Like the time our entire family decided to rent one 9-person bike at Disney’s Boardwalk — which, BY THE WAY, has the biggest hills in Florida — and we struggled to push the bike up those hills because all of us had the most uncontrollable giggles. Or the few Thanksgivings we’d spend in Orlando eating at the Wyndham’s incredible buffet. I’m pretty sure one of those trips started with Mimi getting pulled over for going 92 miles per hour on the Florida Turnpike in her bright red Chrysler Town & Country and my grandpa threatening to walk the rest of the way. Or the time we took a 5-day Disney cruise the year before we lost him.

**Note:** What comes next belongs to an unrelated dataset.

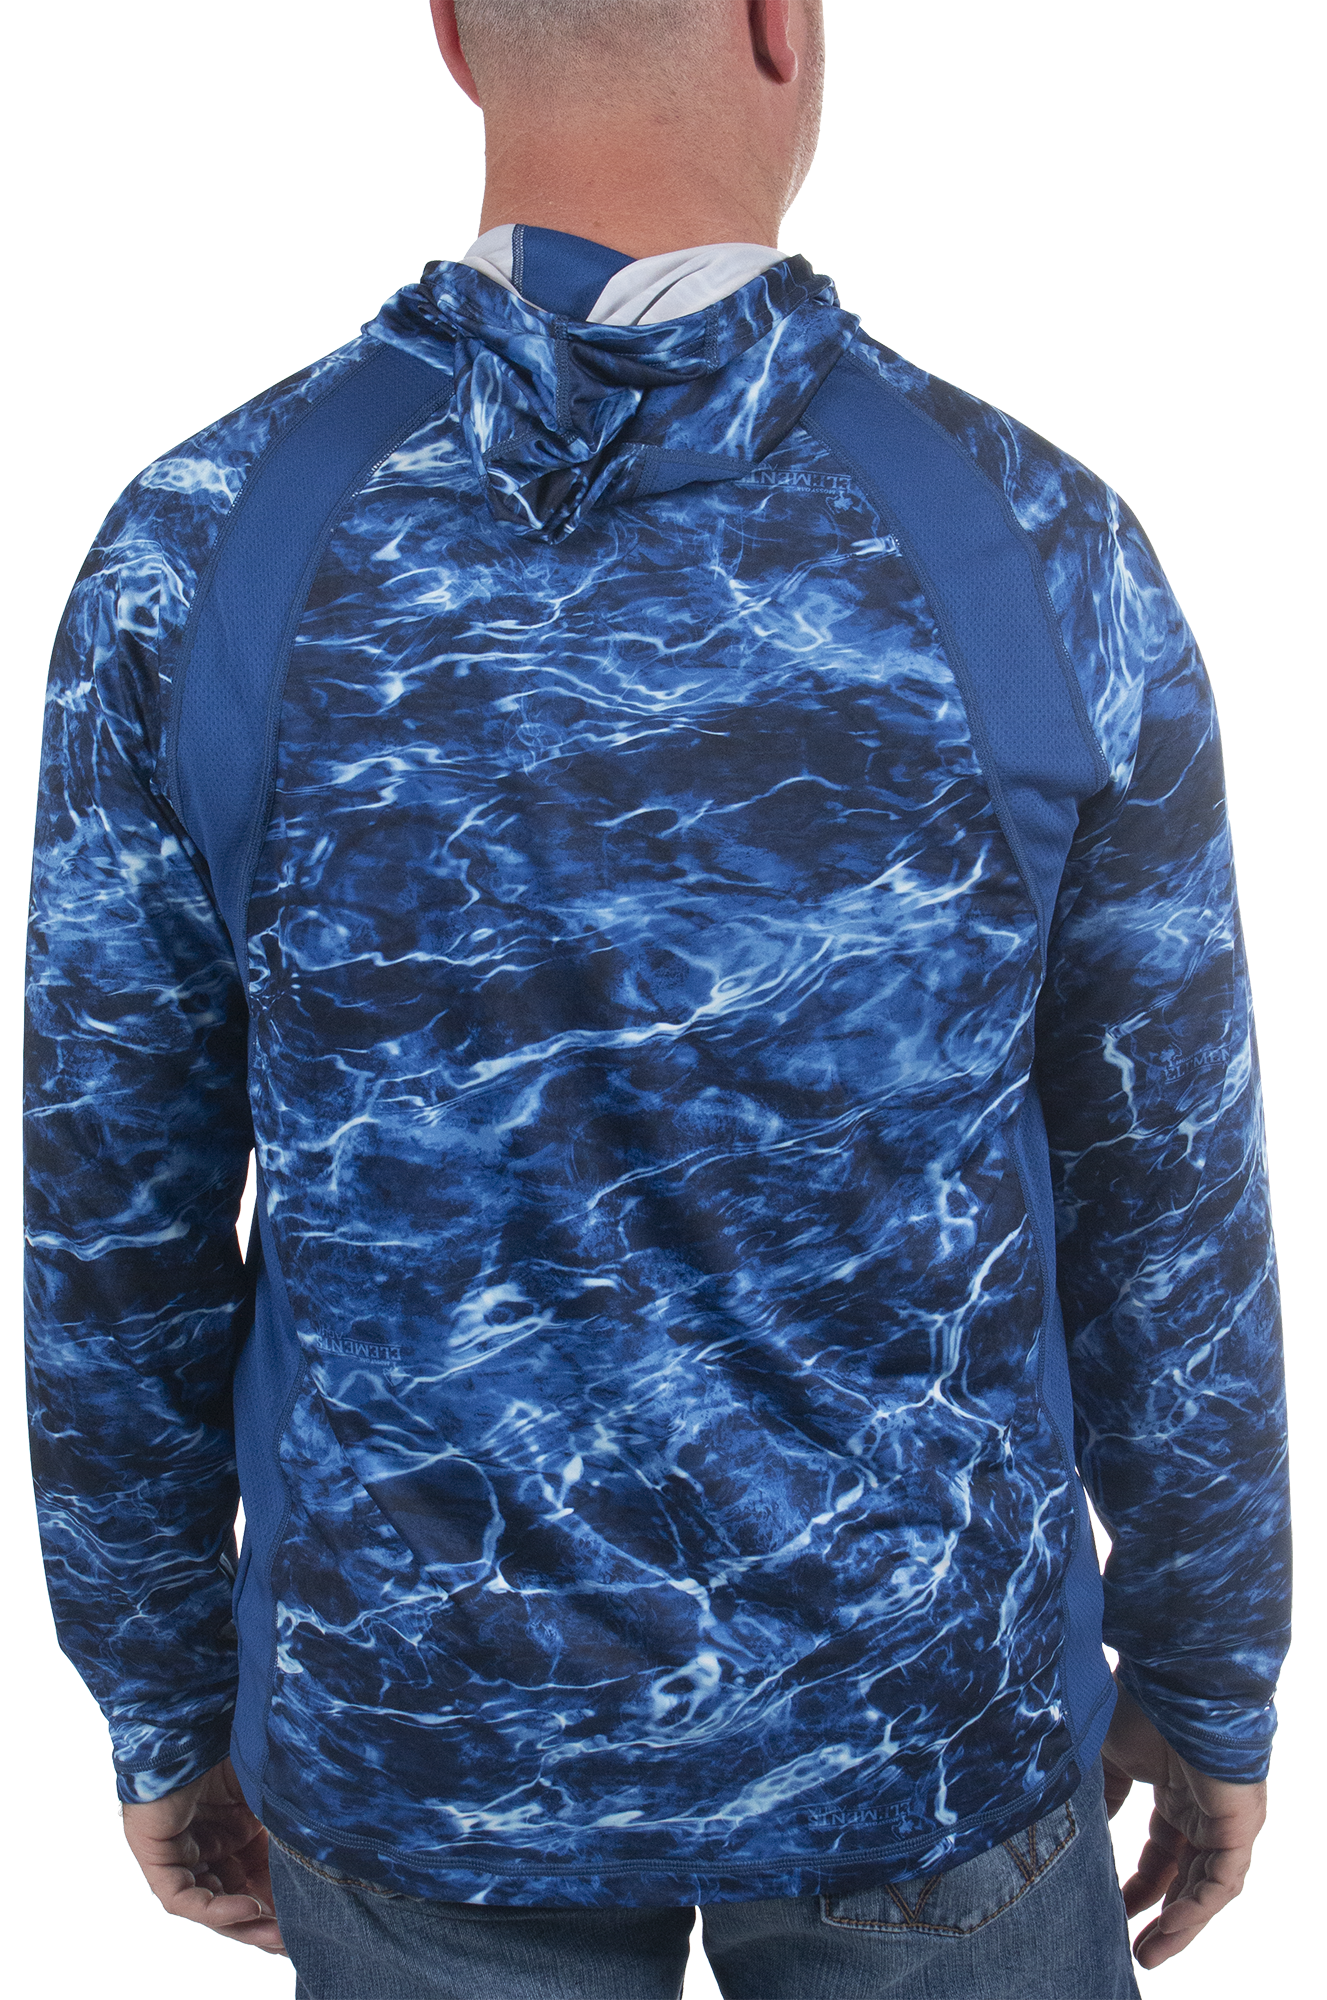 MLF Men's Camo Hooded Performance Layer with Gaiter Agua Blue Back

It's hard for me to accept the fact it’s been 20 years because it sounds so long ago, yet it felt like it just happened yesterday. I know exactly where I was, how I reacted, how my parents and brother reacted, how my entire family reacted. I do know somewhere he’s sleeping until 11 a.m. but looking down on all of us when he finally decides to get out of bed.
Miss you and love you, Pop. Now, then, always, forever.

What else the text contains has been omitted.